|
I can do one quickly. I need to take affiliations from papers and work out which organisation(s) they're talking about. How would you solve this problem, assuming the affiliations are already extracted for you? What are the top level concerns, how do you break that problem down, how might your problems scale, etc. There's a lot of questions I'd expect to get to, and this should be something done along with the team kind of like we're all working on the problem together. I find it useful to see how well people can talk through the problem, it can lead easily into questions about licensing and rights of reuse, types of errors, etc. If they suggest an approach they've used before, can they explain likely failure cases / benefits? Are there workarounds, detection methods? For example, if you're doing text classification then tfidf+svm is a solid first thing to try, and there's easy ways that can fail which we could talk about. There's a lot of that you can cover in an hour, and it tests whether someone can explain a potential solution to the team effectively, just as they would have to on a day-to-day basis. We can bring up specific types of problems that we face within it, what we've tried, and we can constrain the problem more or lead someone to starting points if it's a bit overwhelming. edit - I guess this would fall under some data science fundamentals, but the approach I think works for CS fundamentals. What data structures could you use? What are the tradeoffs? It's not about finding the one optimal solution, but about how to proceed. |
This is screening for specific domain knowledge (text processing) not general programming aptitude. That's ok if you want specific kinds of prior knowledge on Day 1 but it is not a way to hire generally smart people.
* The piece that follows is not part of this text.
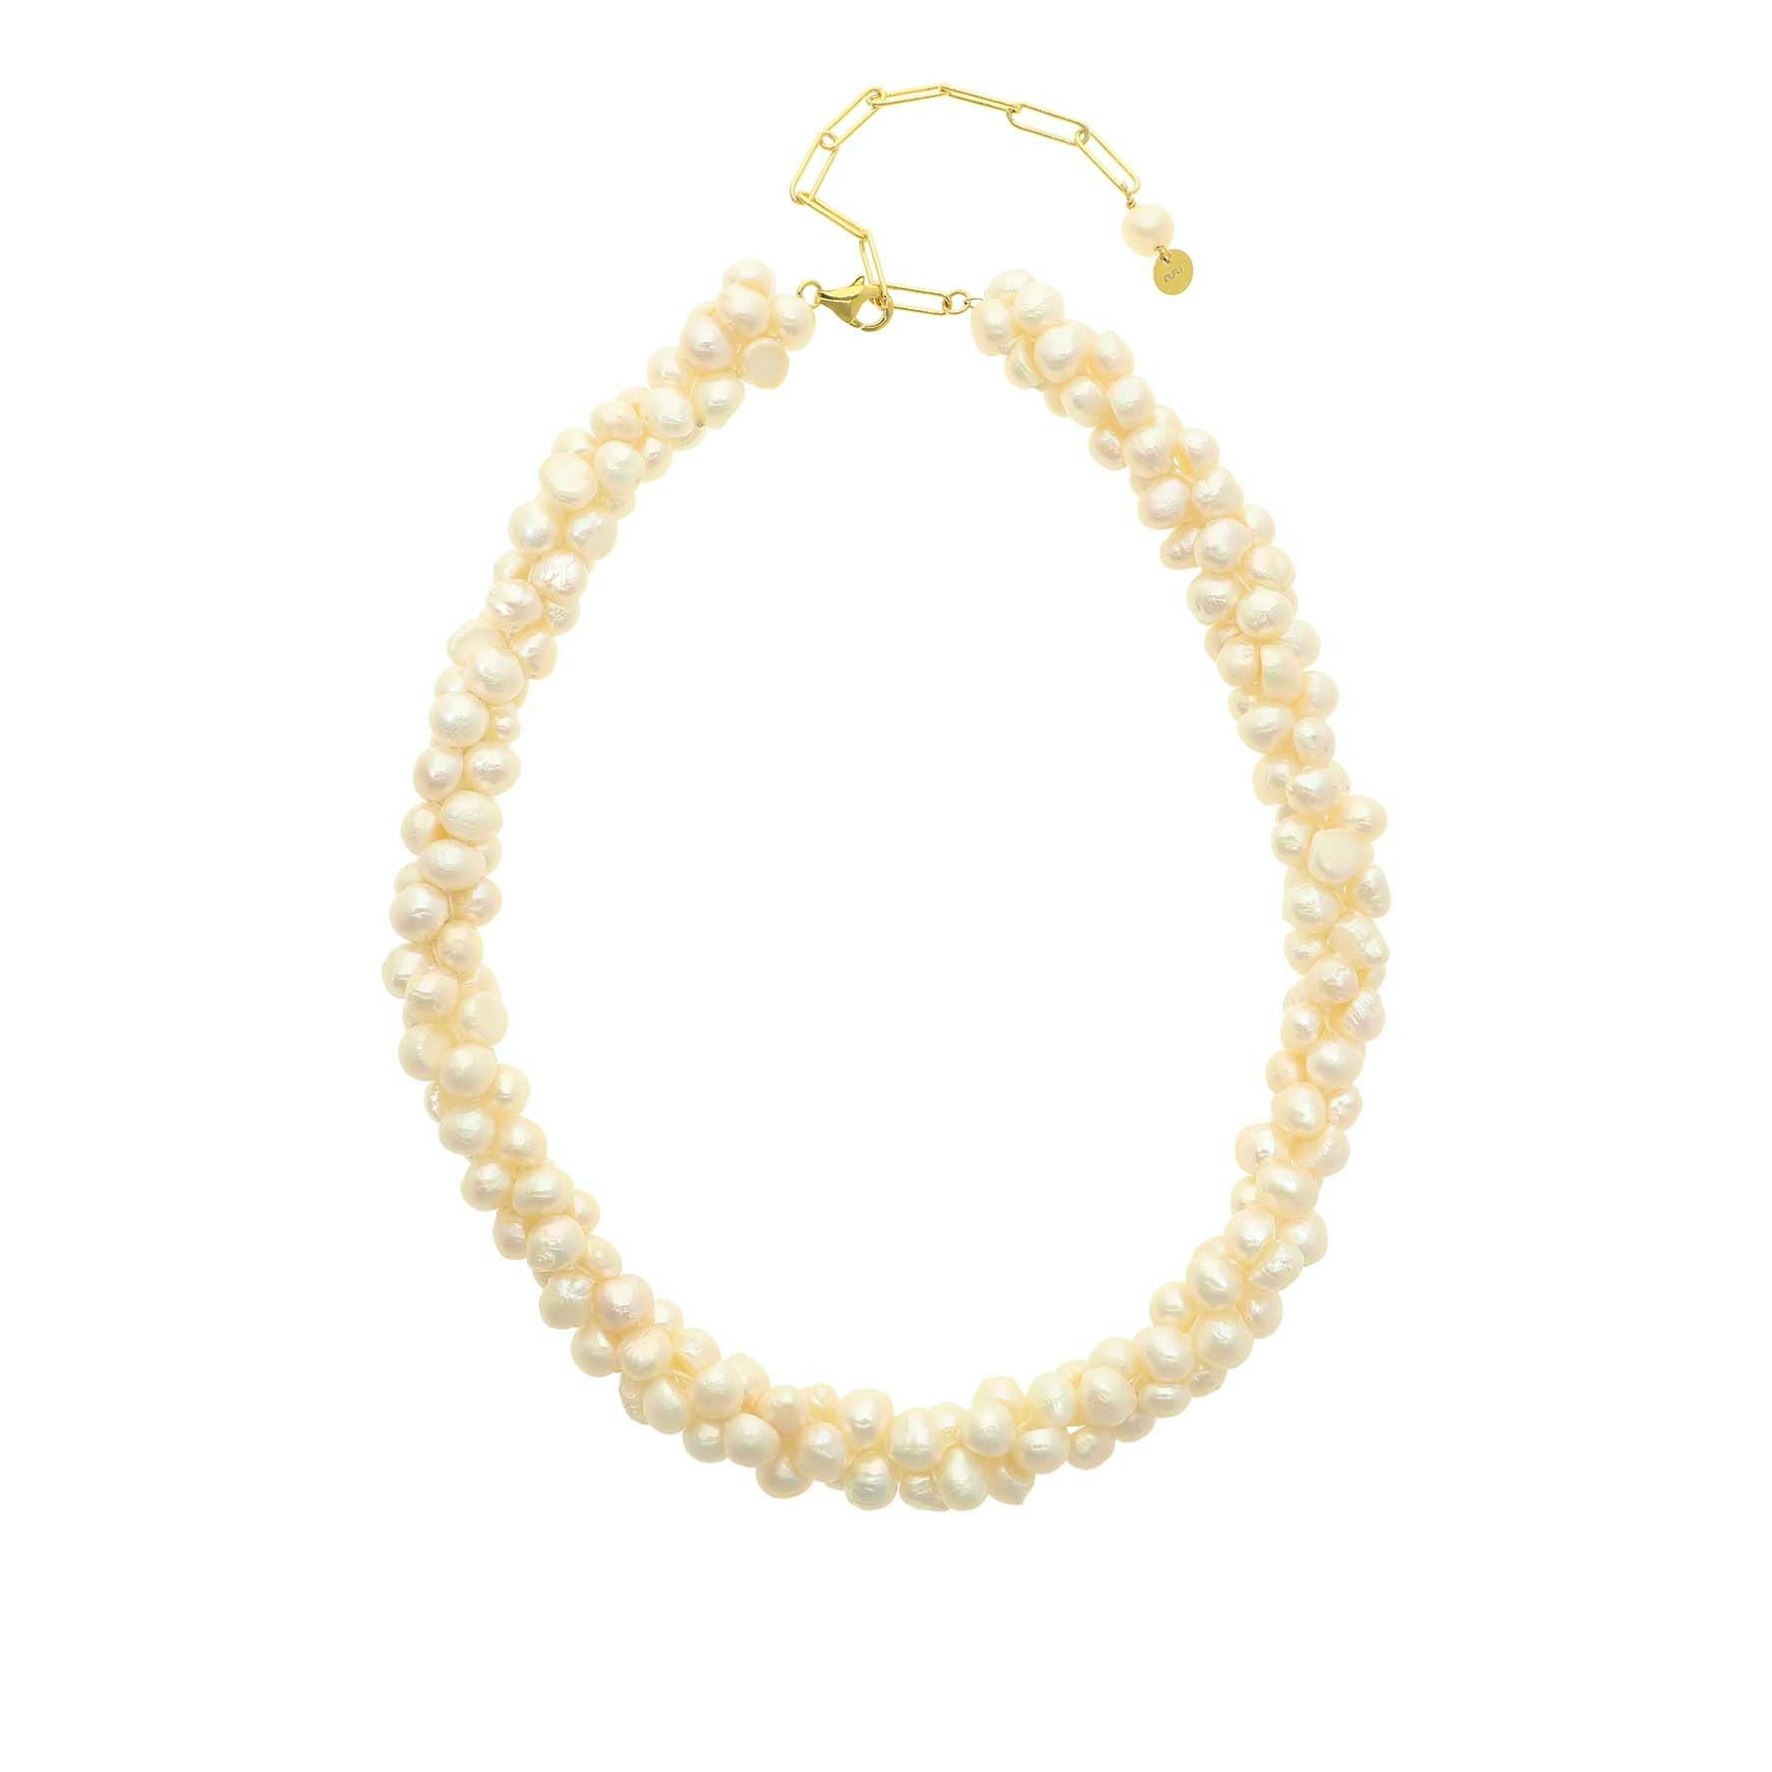 Leonora Necklace Pearl from Nuni Copenhagen in Goldplated Silver Sterling 925

> I guess this would fall under some data science fundamentals, but the approach I think works for CS fundamentals. What data structures could you use? What are the tradeoffs? It's not about finding the one optimal solution, but about how to proceed.
This is exactly how most algorithm interview questions work.
I'm trying to understand what the OP meant by "real problems" not "academic puzzles". It sounded like they avoided hard algorithms yet "got a sense" of CS fundamentals somehow.